Other early roles included Newman Noggs in Nicholas Nickleby, Caleb Plummer in Dot (adaptation of The Cricket of Home), Dr. Pangloss in George Colman’s play The Young The Heir at Law, Salem Scudder in The Octoroon, and Bob Acres in The Rivals.

In 1859, Jefferson made a version of the Washington Irving story “Rip van Winkle” based on the old performances, and acted successfully in Washington, DC, with Sophie Gimber Kuhn playing Lowenna. At the beginning of November of 1861 he arrived in Sydney, and played a fruitful season presenting in Australia Rip Van Winkle, Our American Cousin, The Octoroon and other works. He premiered in Melbourne on March 31, 1862, and had a successful record of performances over six months.

Last years

Jefferson continued to represent Rip Van Winkle for forty years, playing little more than that character. In August of 1866 he returned to the United States. Back in his country, Jefferson made repertoire theater with annual tours in which he represented the aforementioned works. He was one of the first theatrical artists to establish combinations that ousted the old system of local repertoire theater companies.

Jefferson also worked on several films about his character Rip Van Winkle, as was the case with the 1896 production Awakening of Rip, which is preserved in the National Film Registry. Jefferson’s son, Thomas, followed in his father’s footsteps and also incarnated the character in different films shot in the twentieth century. Joseph Jefferson also made several recordings, always with material from “Rip Van Winkle”.

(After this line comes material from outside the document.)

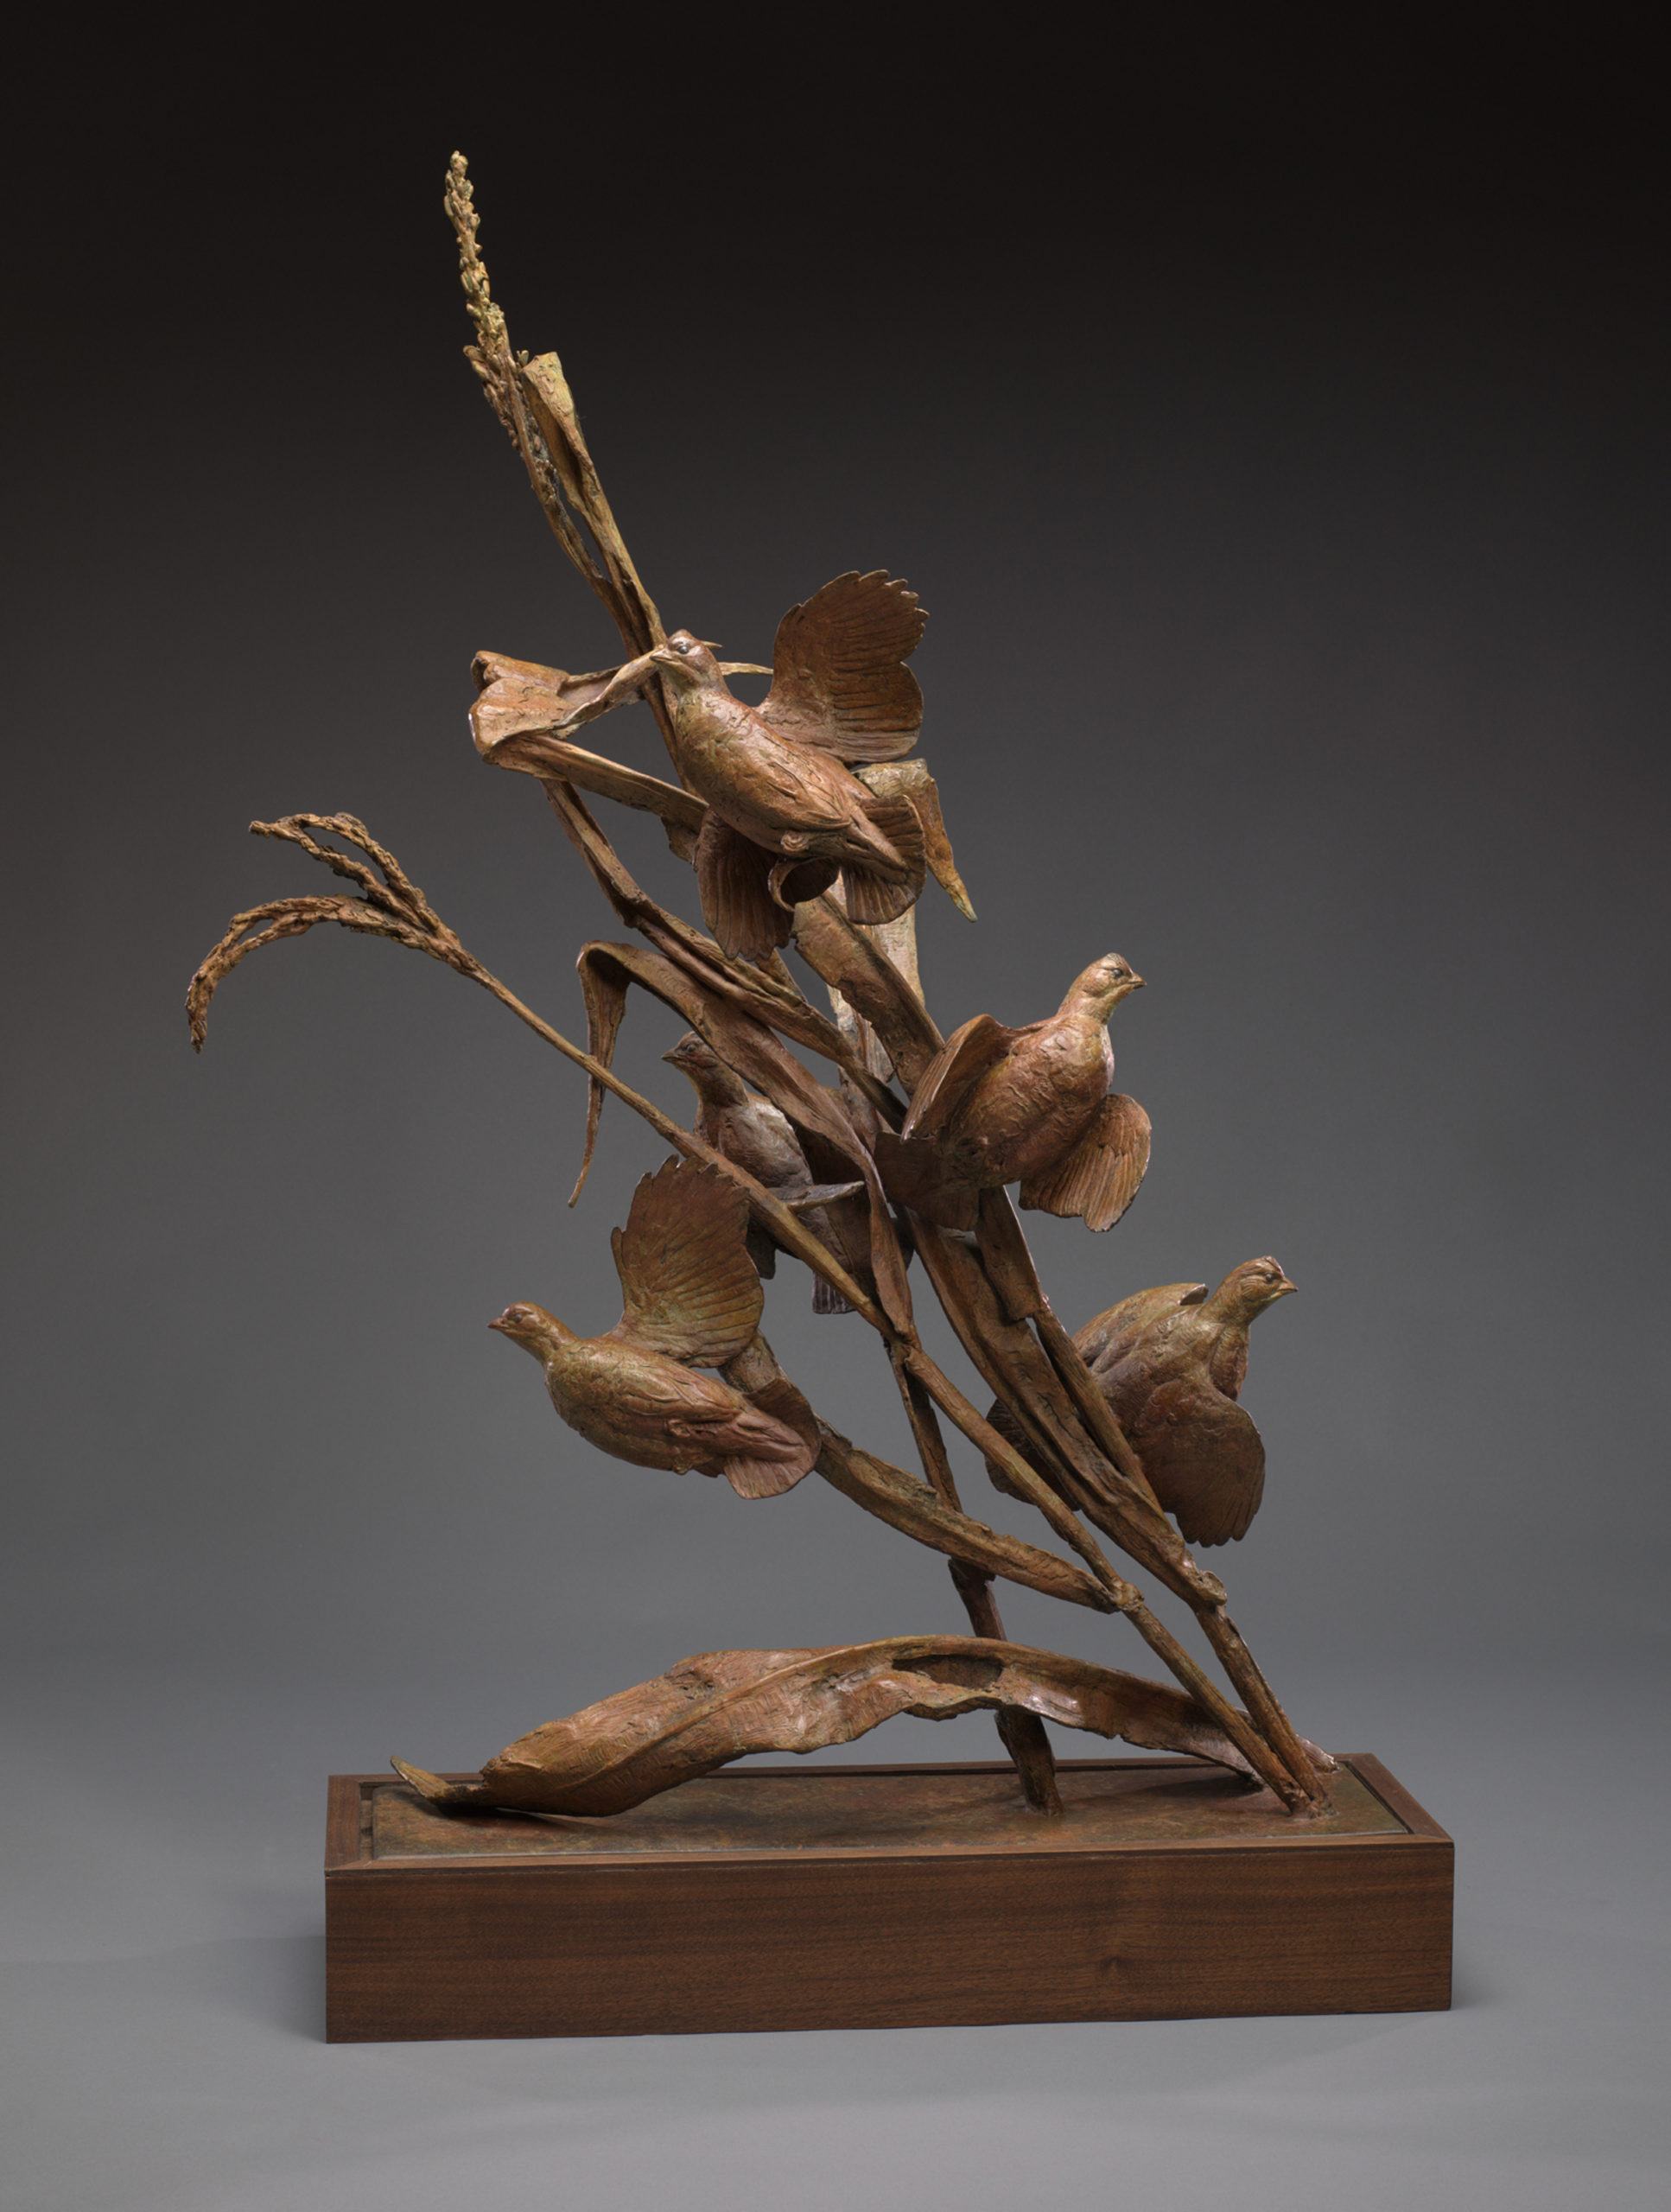 Walter Matia - Noon Quail, bronze, 41 x 25 x 8.5

With the exception of minor roles, such as that of the gravedigger in Hamlet, which he played in a production with big stars headed by Edwin Booth, Jefferson did not create any new characters after 1865; and the success of Rip Van Winkle was so important that it was often said that he was an actor of a single character. If this was a defect, it was a fault of the public, who never got tired of his master piece.

Personal life

No other actor was more honored for his professional achievements or his character. He had a friendship with many prominent men of American politics, art, and literature, including President Grover Cleveland. He was an enthusiastic fisherman and a nature lover, and he also liked to paint. Jefferson was also a founding member and second president of The Players of Manhattan.

Jefferson was married twice: in 1850, at 21 years of age, with the actress Margaret Clements Lockyer (1832-1861), whose early death left him with four children; in 1867 he married Sarah Warren, niece of actor William Warren.

Jefferson bought a place called Orange Island, in Louisiana, where he built a house once the Civil War ended. The place, in a peninsular area in Lake Peigneur, was later called Jefferson Island.

Joseph Jefferson died of pneumonia on April 23, 1905 at his home in Palm Beach, Florida. He was buried at Bay View Cemetery in Sandwich, Barnstable County.